Which brings us to yesterday, when rioters who attended President Trump’s “Stop the Steal” rally tore down fencing, climbed over barriers, and attacked law enforcement while Vice President Mike Pence and both chambers of Congress were busy certifying the Electoral College results inside the Capitol. The Madison Building (part of the Library of Congress,) Cannon House Office Building, and eventually the Capitol itself were all evacuated, as were some private residences on the Hill. A pipe bomb was found at the Republican National Committee. Authorities were thankfully able to safely detonate it before things got even uglier and bloodier. Inside the Capitol, our own John McCormack reported that the Senate loudspeaker warned its inhabitants to stay away from windows and doors, and that gas was used to repel rioters. That was before the massive incursion into the building forced the evacuation. Four people died in the ensuing American carnage.
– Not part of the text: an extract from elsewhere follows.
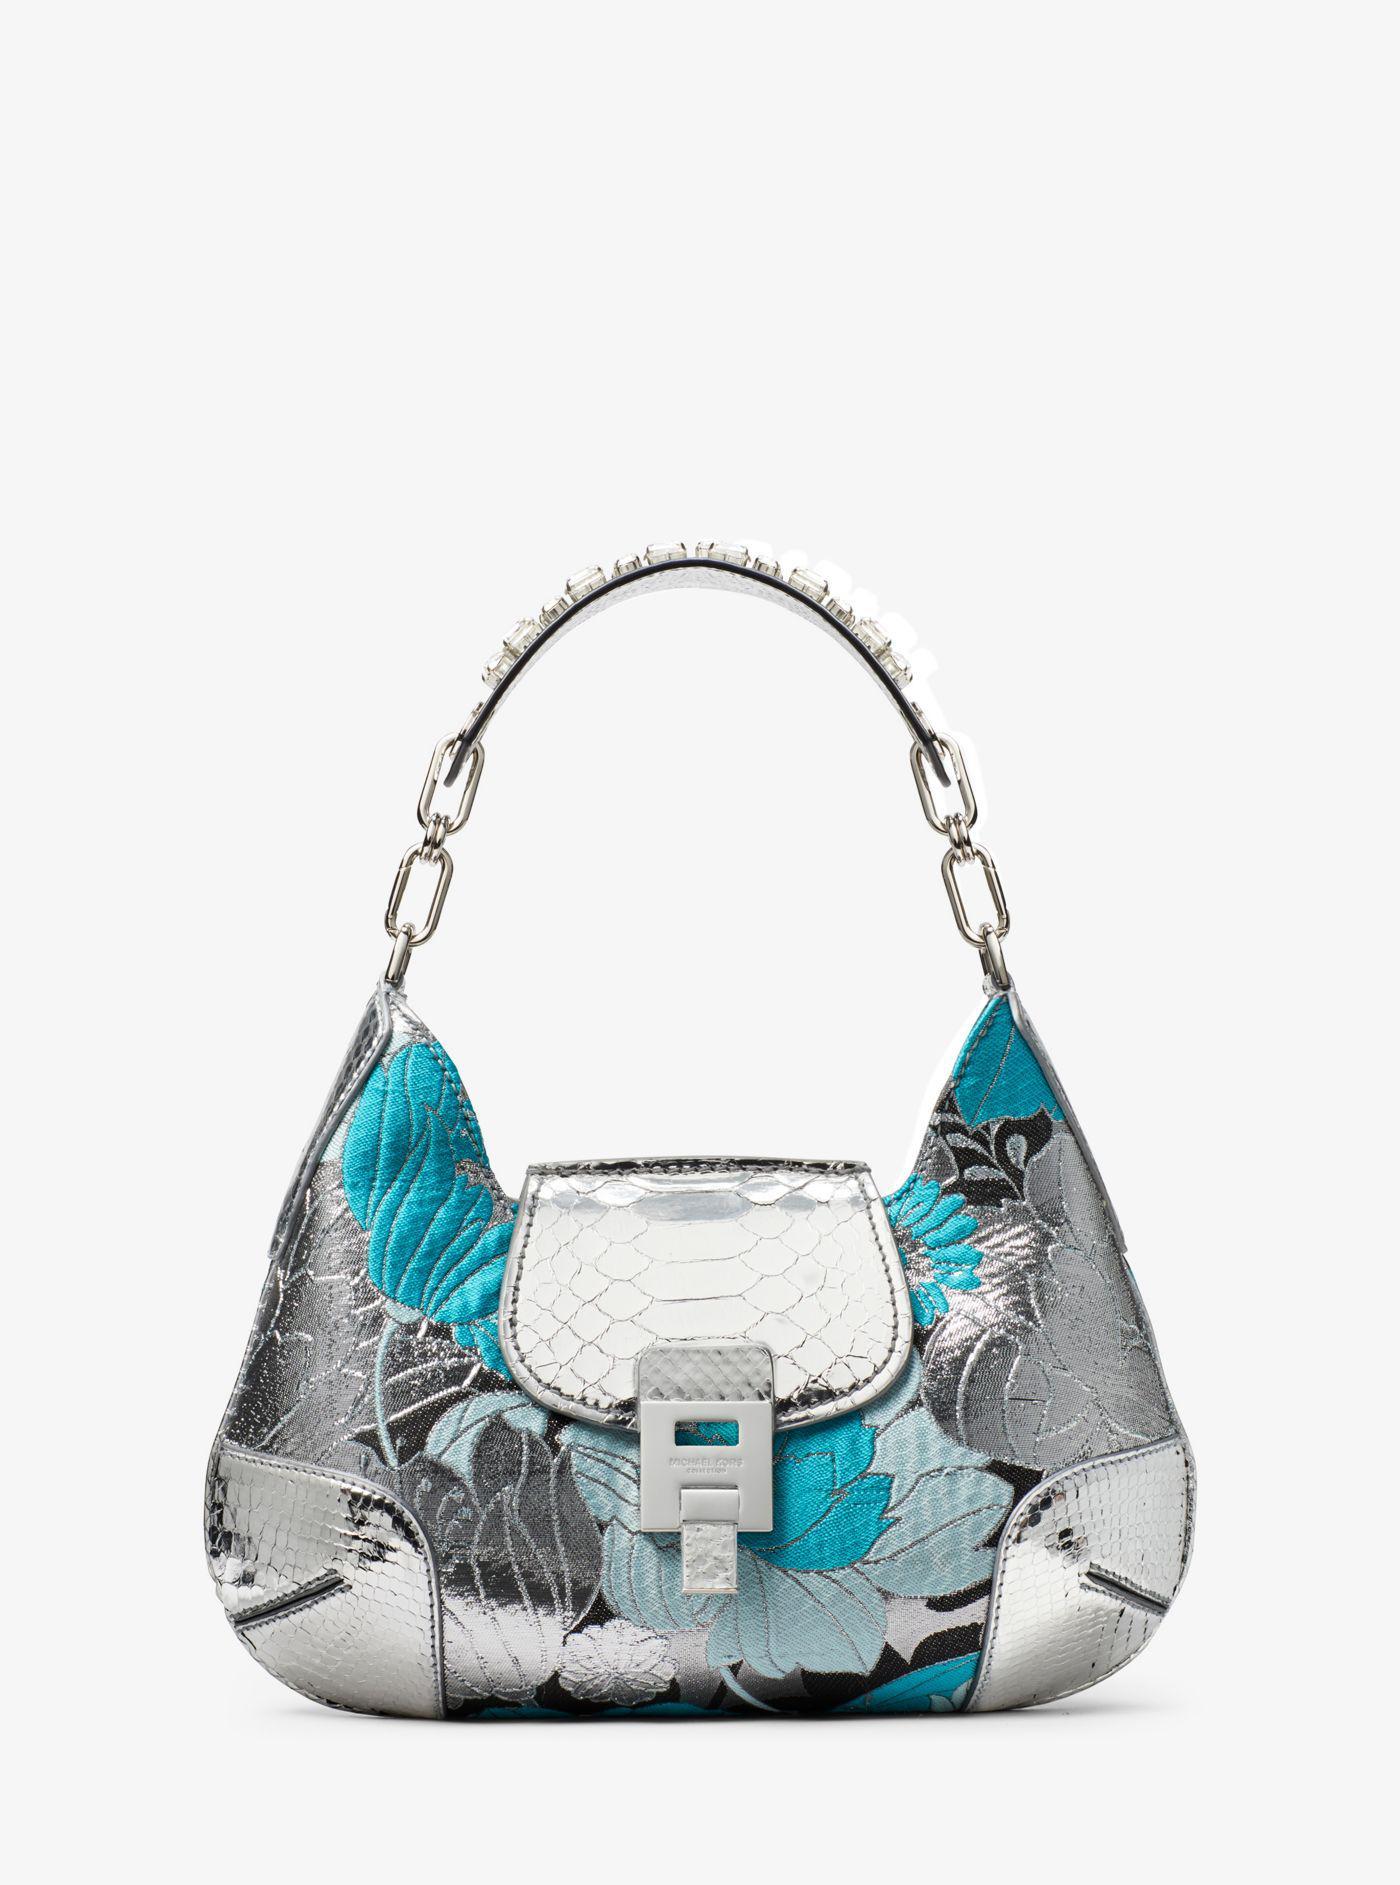 4b658c9c56887 Michael Kors Bancroft Medium Floral Brocade Shoulder Bag in Blue - Lyst

And instead of unequivocally condemning the violence and disorder, Trump egged them on.

He tweeted that Pence “didn’t have the courage to do what should have been done to protect our Country and our Constitution” because the vice president wouldn’t unilaterally yet impotently attempt to overturn the November election. In so doing, he put a target on the back of the man a heartbeat away from the presidency. A man who already found himself in dangerous circumstances of Trump’s own making. Once rioters entered the Capitol, they reportedly hunted for Pence; God only knows what would have happened if they had found him.
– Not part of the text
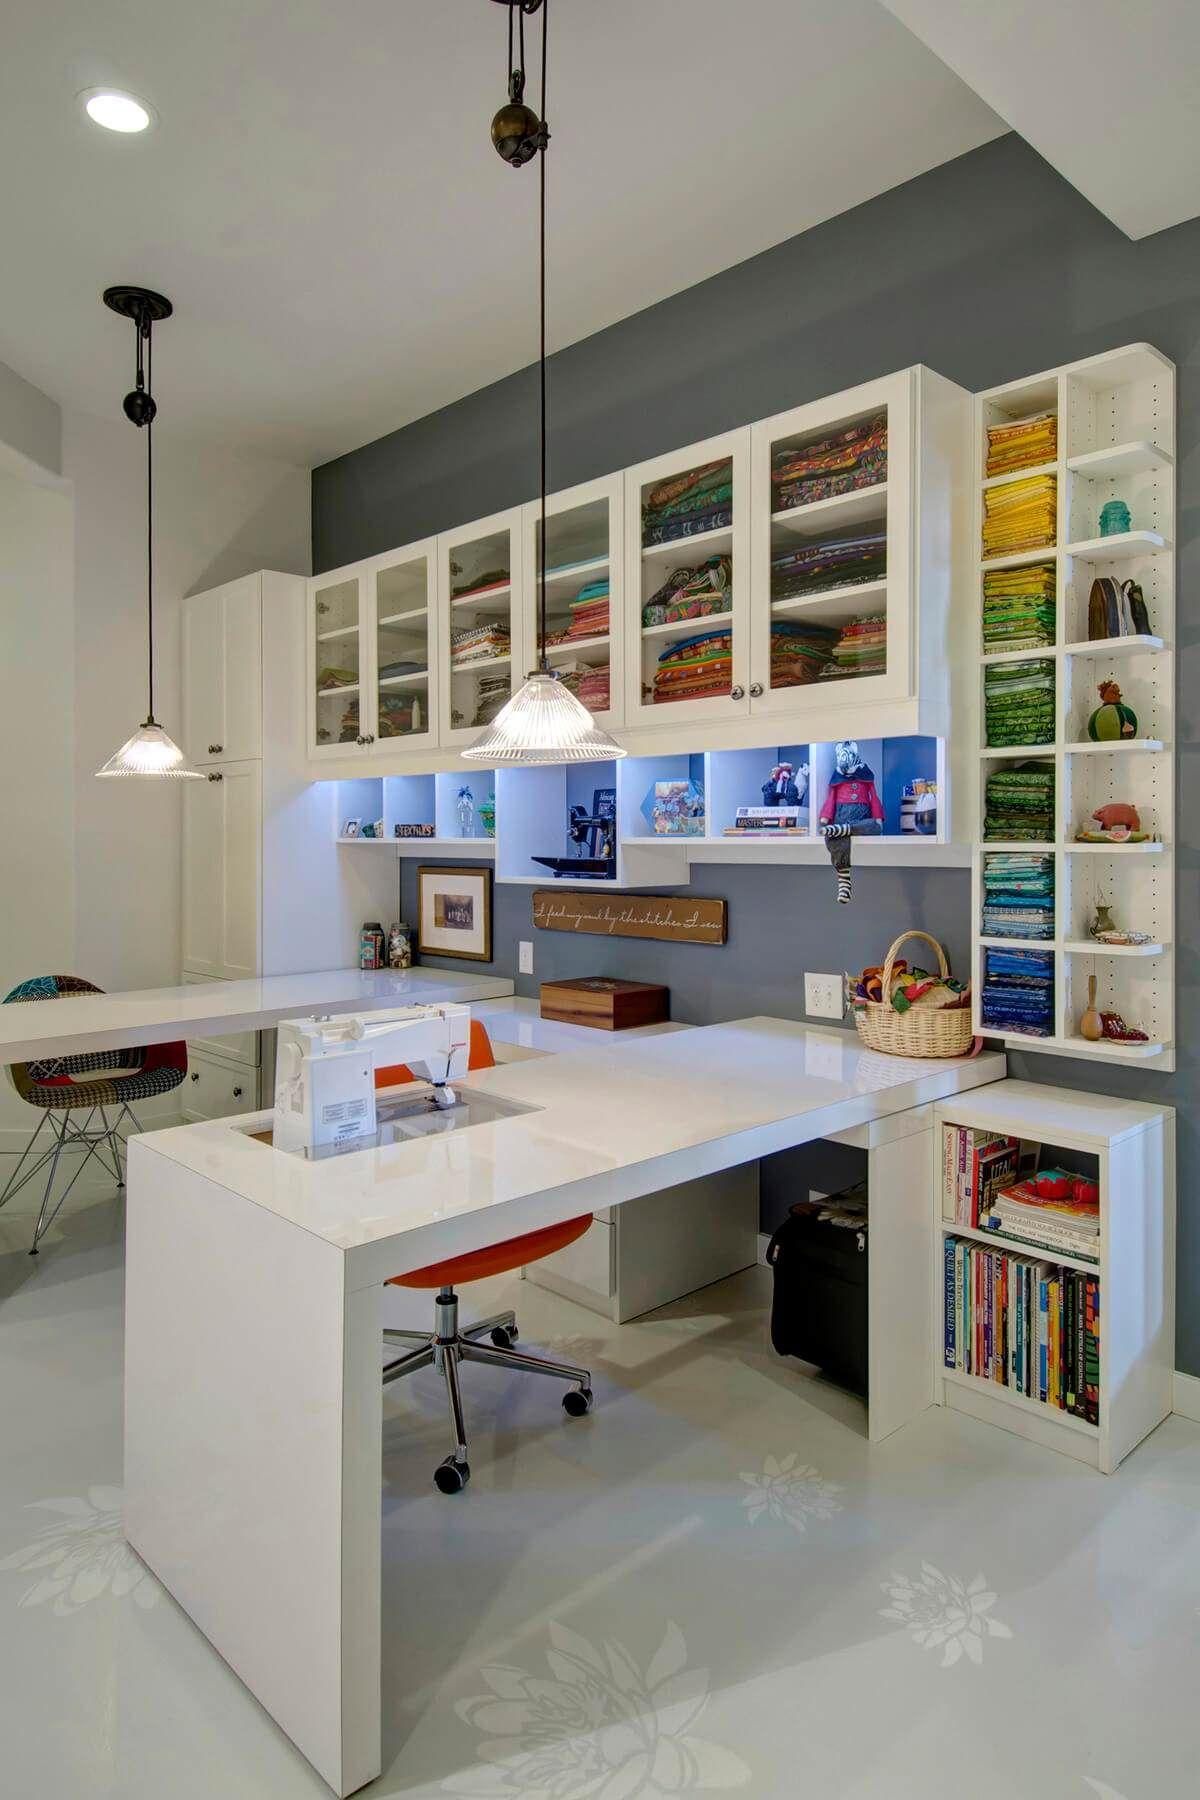 23 Craft Room Design Ideas Creative Rooms Small Craft Rooms

Trump urged the rioters to “stay” peaceful after they had already attacked law enforcement, broken windows, and forced their way into the building. When he finally instructed his rioters to go home, hours after what Senate majority leader Mitch McConnell characterized as a “failed insurrection” had begun, he reiterated that he believed the election to have been stolen and assured the thugs inside the Capitol, “We love you, you’re very special.” A day that began with President Trump’s rally ended with death, destruction, and desecration.
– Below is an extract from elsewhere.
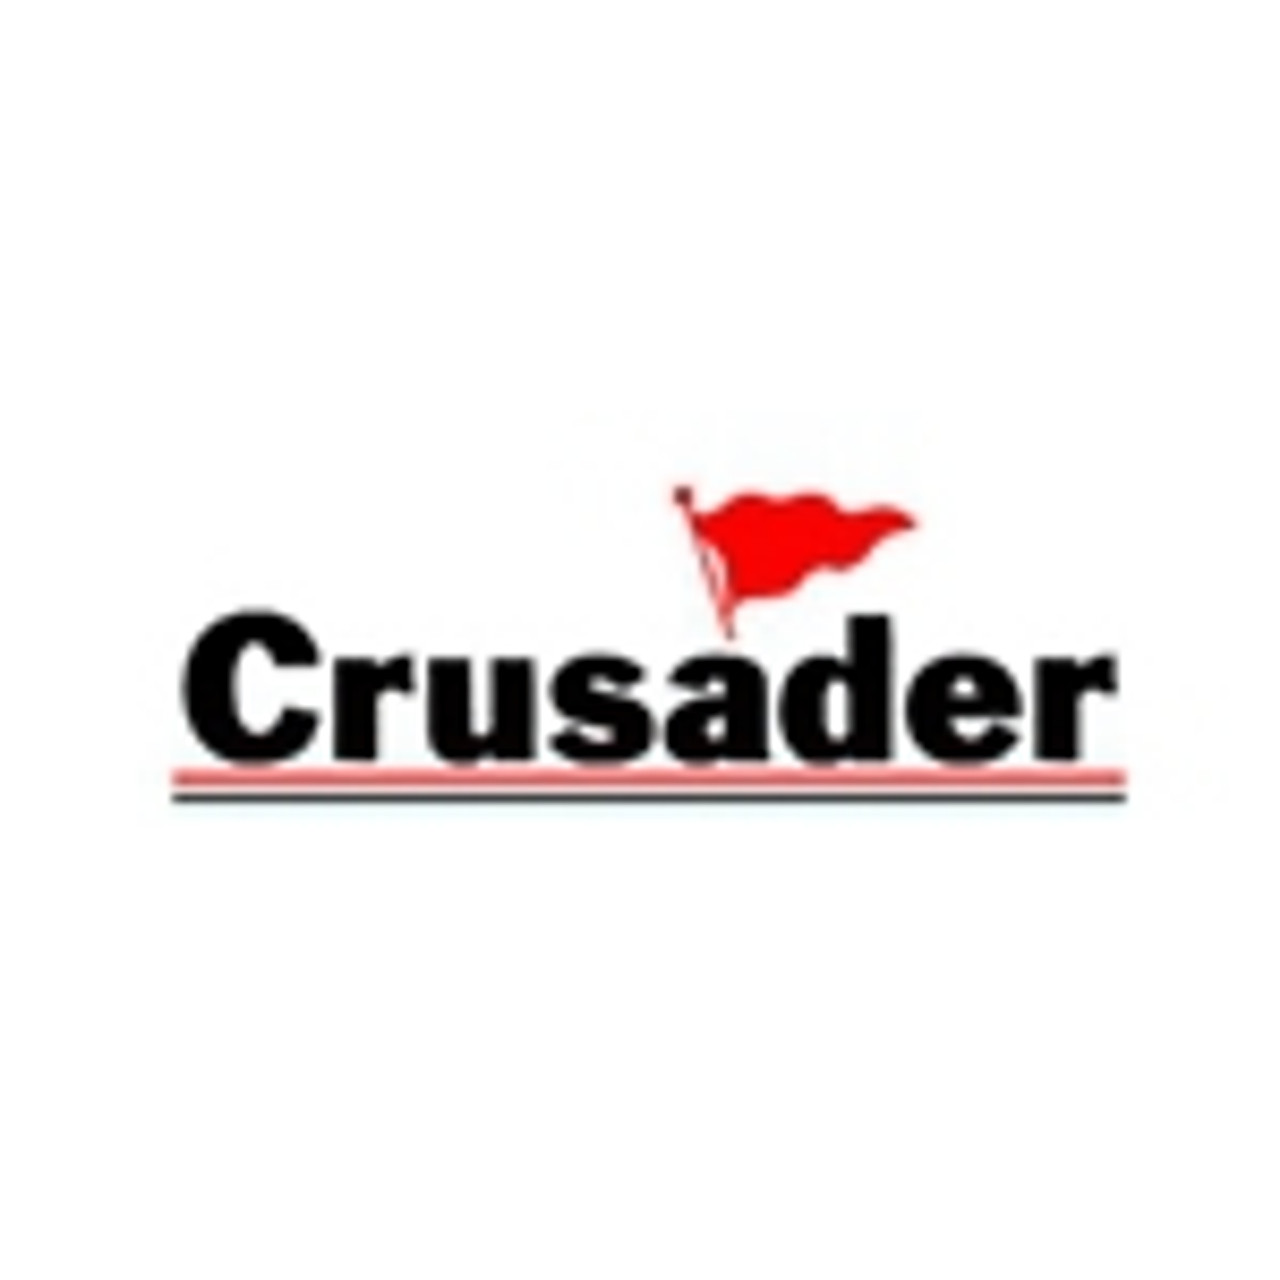 Crusader Marine

Yet the origin of yesterday’s events was not a rally — sure, that was the spark — but an idea. A deeply pernicious idea that the election had been stolen from President Trump. An idea propagated by none other than Ted Cruz. Prior to yesterday’s events, Cruz had pledged to object to the certification of the Electoral College vote in all of the battleground states and to call for an electoral commission to investigate the myriad fraud claims made by the president and his legal team over the last two months. Forget that these claims have been investigated, litigated, and disproved over and over again, Cruz was willing to muddy the waters further, divide the country more deeply, and even risk violence to do what he does best: stage a political stunt.

In fact, he still is. Even after the siege on the Capitol Building, Cruz shamelessly voted to overturn the results of the election and throw out the electoral votes in both Arizona and Pennsylvania. Right when his country and party needed him most, when its most high-profile, rock-ribbed, ruby-red conservative in the Senate could have stood up and said “enough” to the lies, he couldn’t bring himself to be any more responsible than Donald Trump. Except Cruz is perhaps even more culpable, since he assuredly knows better.

Mitch McConnell gave extraordinary speeches before and after the attack on the Capitol, dismissing the president’s conspiracy theories and calling the vote to certify the election results the most important of his career. Mitt Romney blasted the president for allowing his “injured pride” to “incite an insurrection.” Ben Sasse and Mike Lee both unequivocally denounced the effort to overturn the election and the incursion on the Capitol. But many Republicans believe Romney to be a squish, McConnell to be a snake, Sasse to be a glorified history professor, and they don’t know who Mike Lee is. Only Cruz had the trust and stature within the party to end this.

This hour was made to be Ted Cruz’s finest. Instead, it was his most dishonorable.